L'organisme est un tout complexe, et les sensations liées à la régulation alimentaire ne se déclinent pas sur un axe simple. La notion globale, que l'on peut considérer comme la résultante des différentes variations perceptives d'une odeur et d'une saveur est celle d'agrément-désagrément. C'est elle qui commande l'acceptation ou le rejet instinctif de l'aliment.
Plusieurs composantes interviennent et se combinent, un peu comme si l'organisme savait tenir compte de tous les éléments aromatiques, biochimiques, voire mécaniques constituant la perception de l'aliment en cours d'ingestion : odeur, saveur, consistance, salivation, sensations à la déglutition, réactions stomacales, postgustation… Ces différentes composantes sont aussitôt intégrées pour constituer une perception d'ensemble, reconnue comme plus ou moins agréable suivant les besoins et les capacités digestives et métaboliques.
Il faut tenir compte de cette grandeur psychologique globale d'agrément-désagrément pour assurer une bonne régulation de la prise alimentaire, et non pas se focaliser sur des composantes partielles, comme sucré, acidulé, onctueux, etc.

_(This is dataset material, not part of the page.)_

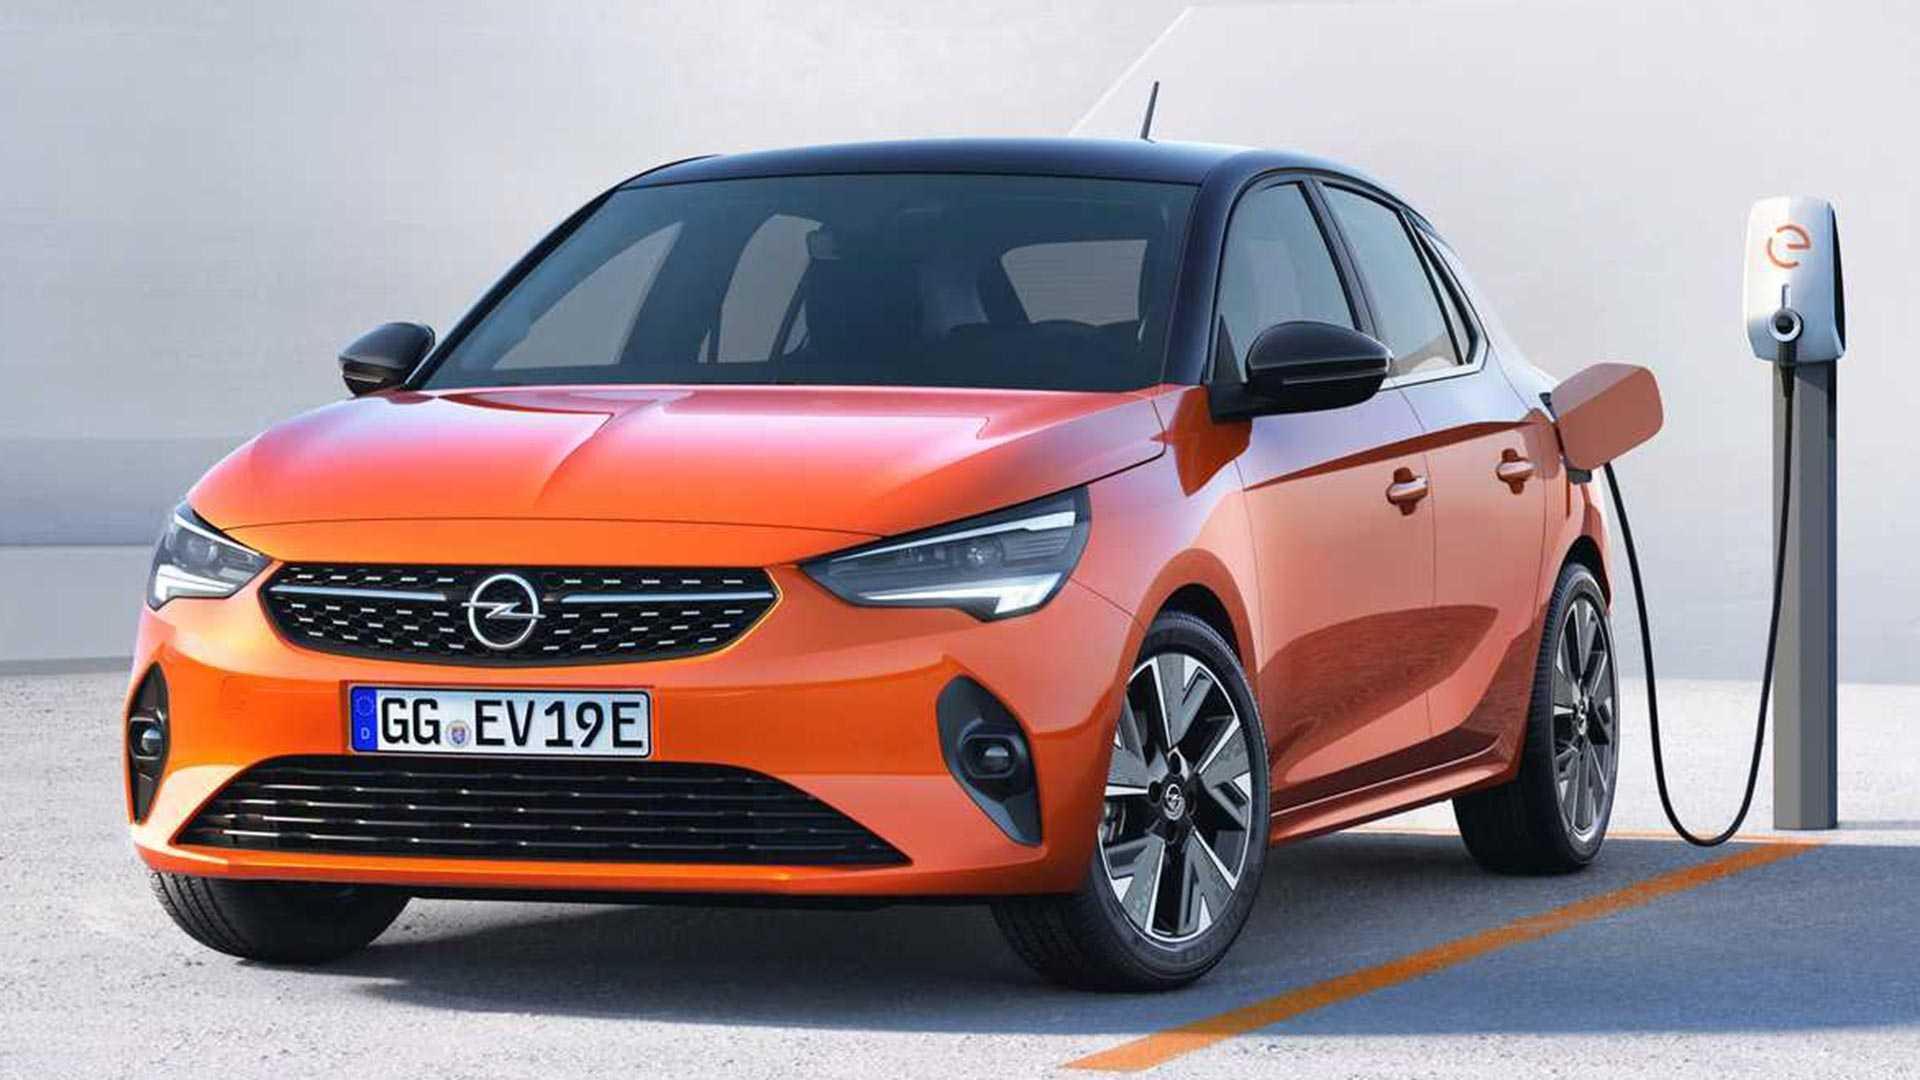 Kako će se Opel otarasiti zastarelih platformi i ostvariti strože ekološke standarde

La difficulté est que l'agrément ressenti peut interférer avec d'autres éléments psychologiques, comme les souvenirs de plaisir, de malaise, de dégoût, les croyances diététiques dans l'utilité ou la nocivité de l'aliment, les habitudes de table, etc. Le premier apprentissage à faire, si l'on veut retrouver le mode de fonctionnement naturel, est donc de mettre une sourdine à toutes les tentatives d'intrusion de l'intellect ou de l'affect, pour concentrer l'attention uniquement sur la sensation organique d'agréable ou de désagréable.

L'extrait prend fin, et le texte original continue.